## [DATA BLOCK]
┏━━

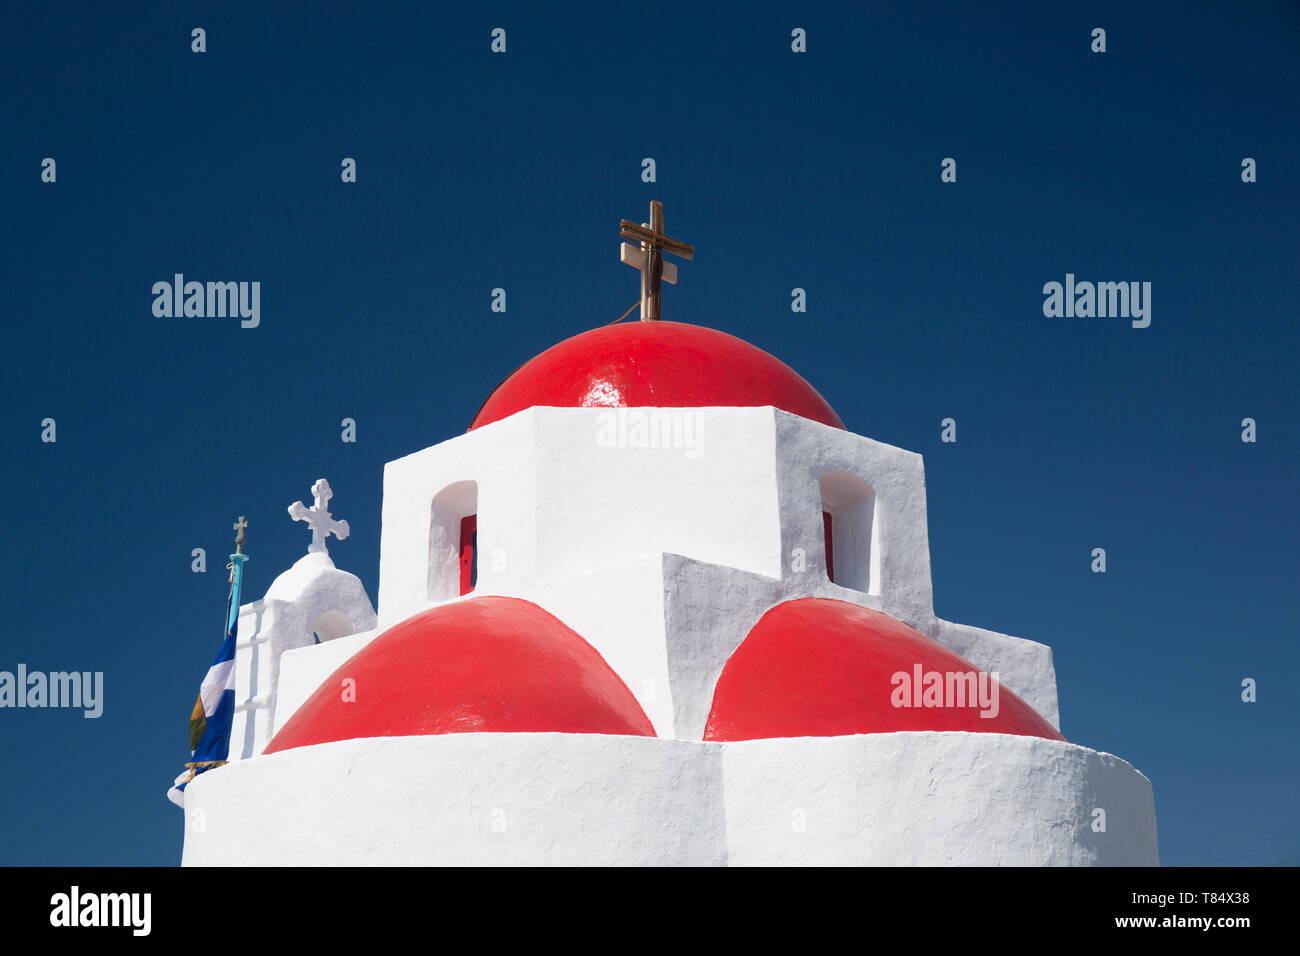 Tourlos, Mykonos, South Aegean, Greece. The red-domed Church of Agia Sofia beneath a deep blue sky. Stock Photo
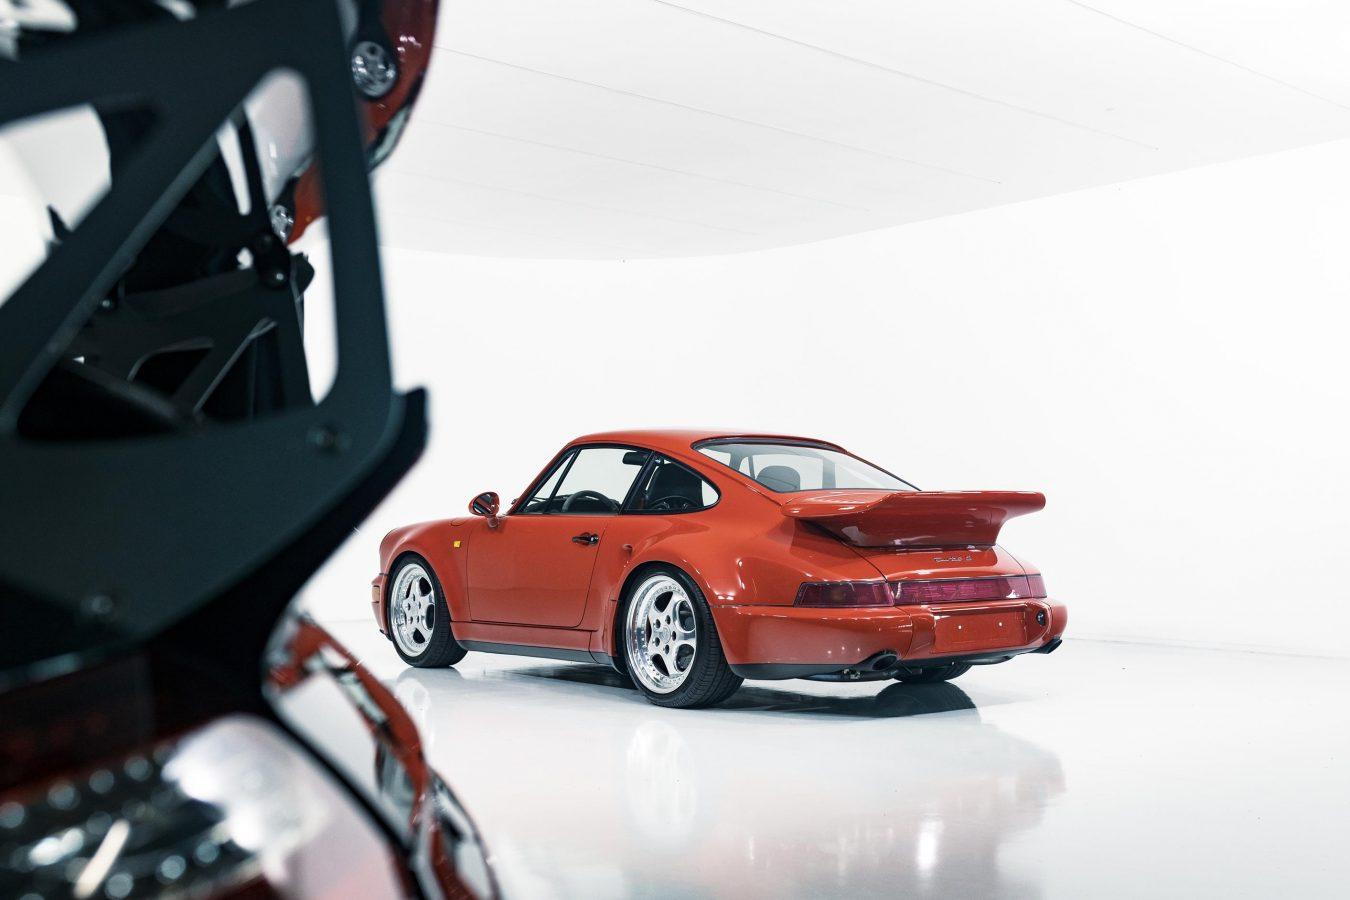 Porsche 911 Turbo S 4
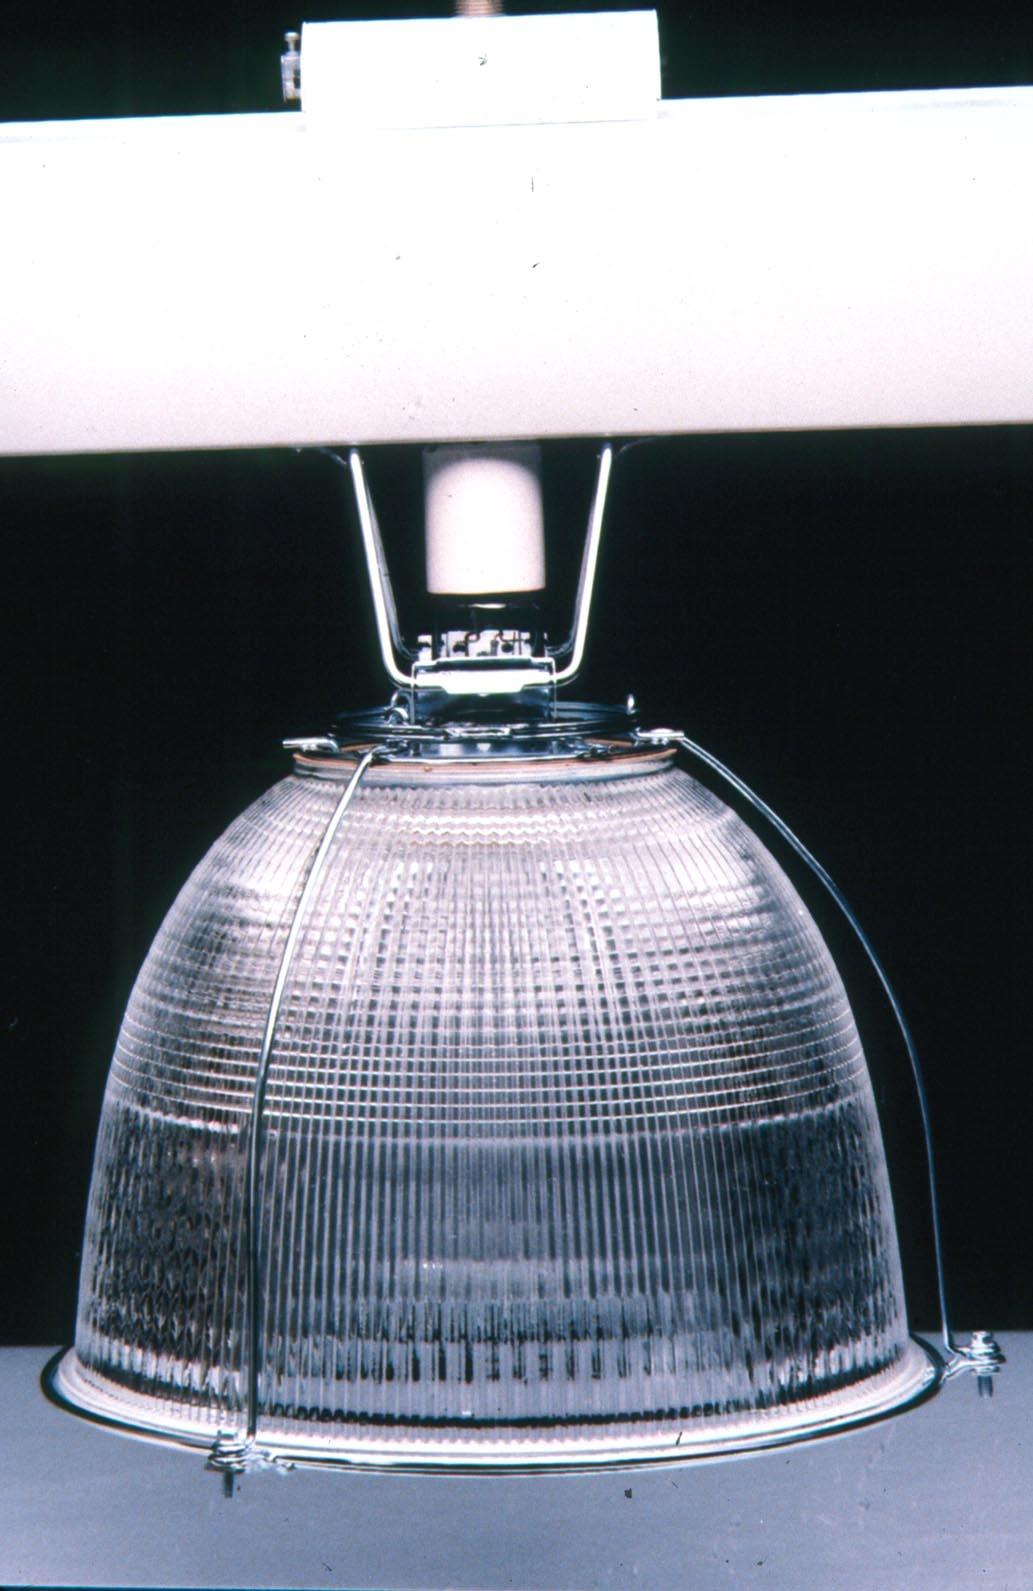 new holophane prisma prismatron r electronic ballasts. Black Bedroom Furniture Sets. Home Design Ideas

┗━━

## [WORK TO COMPLETE]
In your copy of the listing above, every line must match exactly and no picture may appear.

## [EXPECTED ANSWER]
 Tourlos, Mykonos, South Aegean, Greece. The red-domed Church of Agia Sofia beneath a deep blue sky. Stock Photo
 Porsche 911 Turbo S 4
 new holophane prisma prismatron r electronic ballasts. Black Bedroom Furniture Sets. Home Design Ideas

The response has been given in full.